Step	Hyp	Ref	Expression
1		breq2 4034	. . . 4 |- ( q = ( Q / B ) -> ( A # q <-> A # ( Q / B ) ) )
2		irrmulap.aq	. . . 4 |- ( ph -> A. q e. QQ A # q )
3		irrmulap.q	. . . . 5 |- ( ph -> Q e. QQ )
4		irrmulap.b	. . . . 5 |- ( ph -> B e. QQ )
5		irrmulap.b0	. . . . 5 |- ( ph -> B =/= 0 )
6		qdivcl 9711	. . . . 5 |- ( ( Q e. QQ /\ B e. QQ /\ B =/= 0 ) -> ( Q / B ) e. QQ )
7	3, 4, 5, 6	syl3anc 1249	. . . 4 |- ( ph -> ( Q / B ) e. QQ )
8	1, 2, 7	rspcdva 2870	. . 3 |- ( ph -> A # ( Q / B ) )
9		qcn 9702	. . . . 5 |- ( ( Q / B ) e. QQ -> ( Q / B ) e. CC )
10	7, 9	syl 14	. . . 4 |- ( ph -> ( Q / B ) e. CC )
11		irrmulap.a	. . . . 5 |- ( ph -> A e. RR )
12	11	recnd 8050	. . . 4 |- ( ph -> A e. CC )
13		apsym 8627	. . . 4 |- ( ( ( Q / B ) e. CC /\ A e. CC ) -> ( ( Q / B ) # A <-> A # ( Q / B ) ) )

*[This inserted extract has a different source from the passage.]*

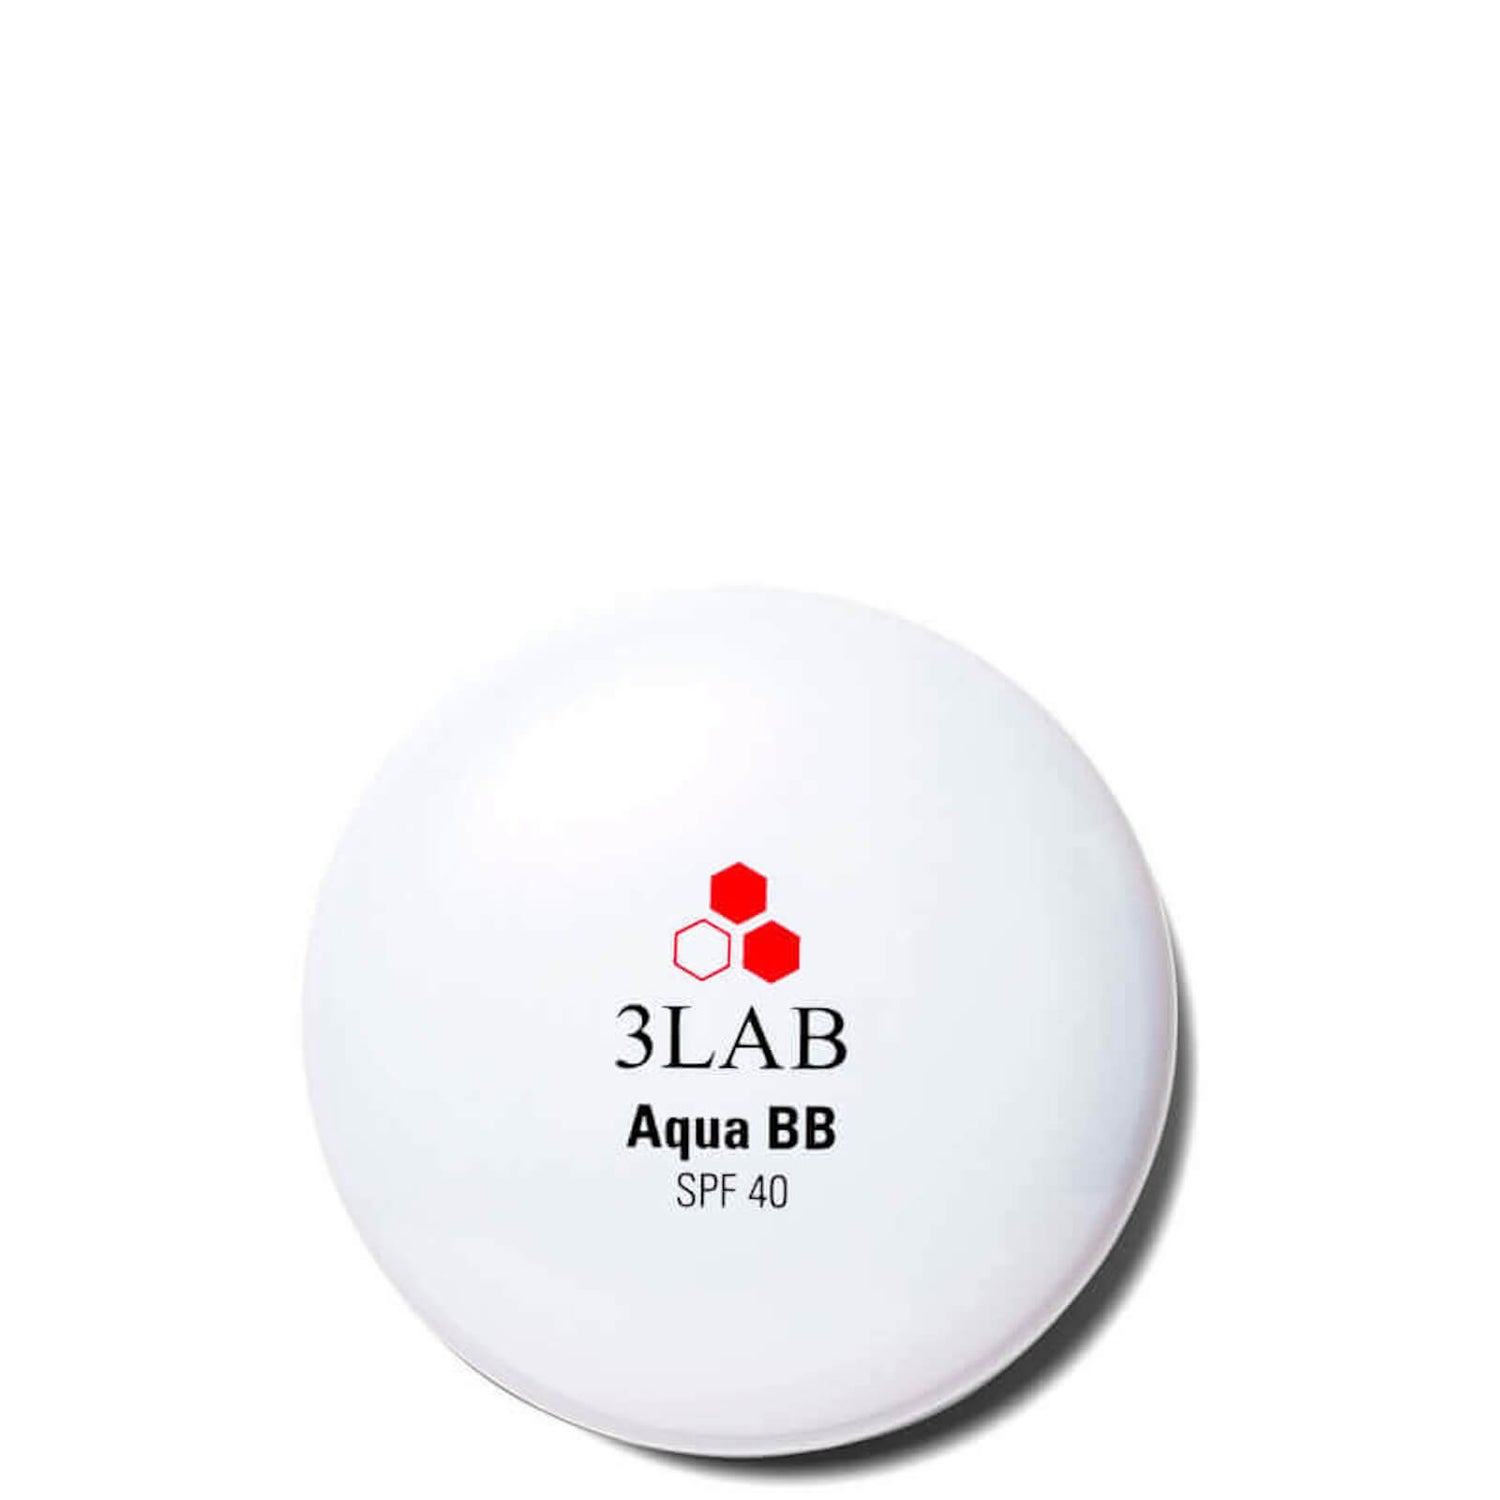 3LAB Aqua BB SPF 40 1 oz.
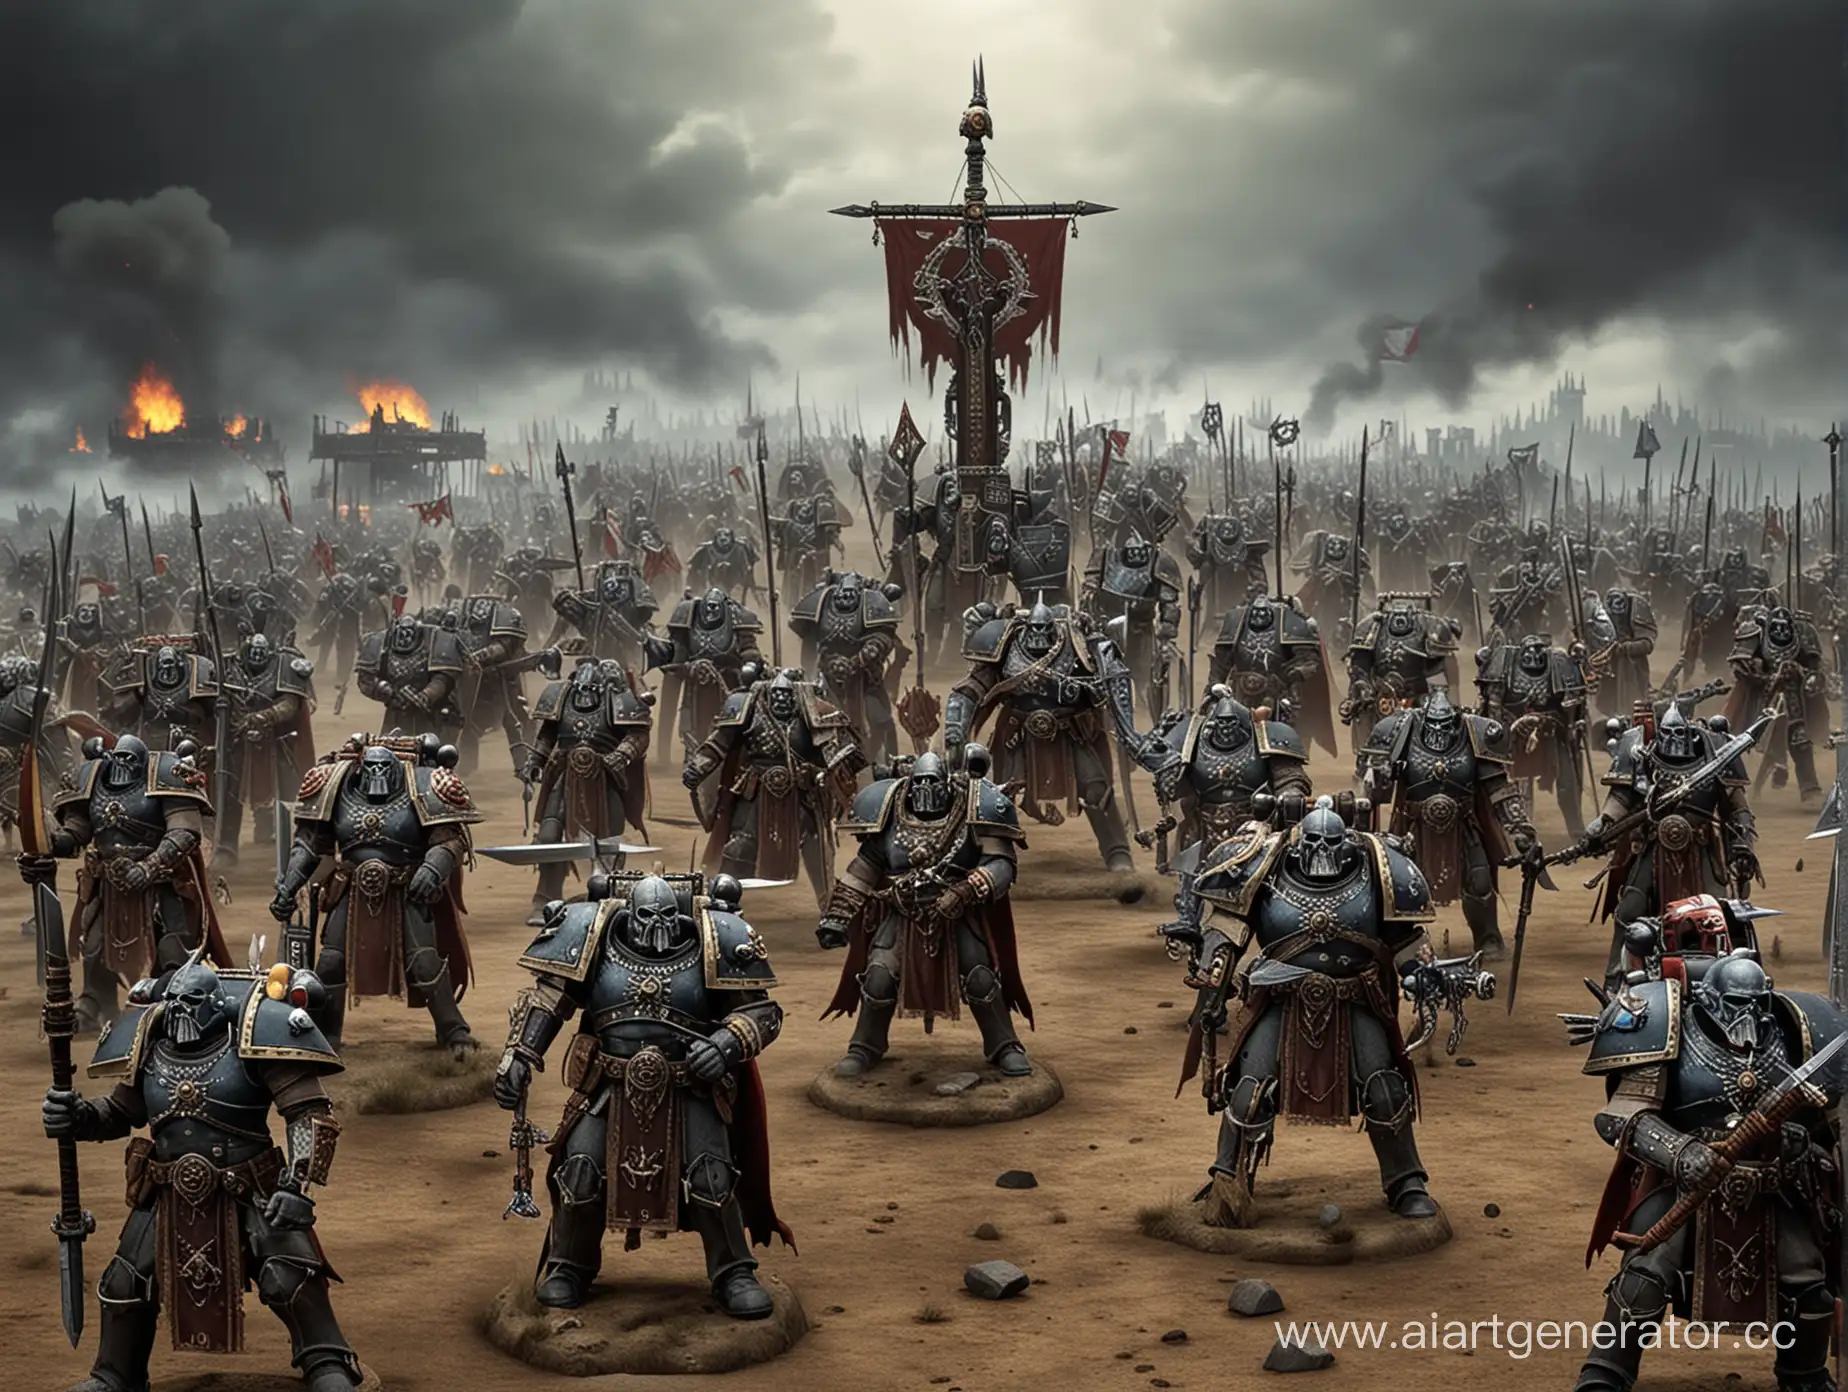 Epic-Battle-Scene-Warhammer-Warriors-Clash-in-Fiery-Conflict

14	10, 12, 13	syl2anc 411	. . 3 |- ( ph -> ( ( Q / B ) # A <-> A # ( Q / B ) ) )
15	8, 14	mpbird 167	. 2 |- ( ph -> ( Q / B ) # A )
16		qcn 9702	. . . . 5 |- ( Q e. QQ -> Q e. CC )
17	3, 16	syl 14	. . . 4 |- ( ph -> Q e. CC )
18		qcn 9702	. . . . 5 |- ( B e. QQ -> B e. CC )
19	4, 18	syl 14	. . . 4 |- ( ph -> B e. CC )
20		0z 9331	. . . . . . 7 |- 0 e. ZZ
21		zq 9694	. . . . . . 7 |- ( 0 e. ZZ -> 0 e. QQ )
22	20, 21	ax-mp 5	. . . . . 6 |- 0 e. QQ
23		qapne 9707	. . . . . 6 |- ( ( B e. QQ /\ 0 e. QQ ) -> ( B # 0 <-> B =/= 0 ) )
24	4, 22, 23	sylancl 413	. . . . 5 |- ( ph -> ( B # 0 <-> B =/= 0 ) )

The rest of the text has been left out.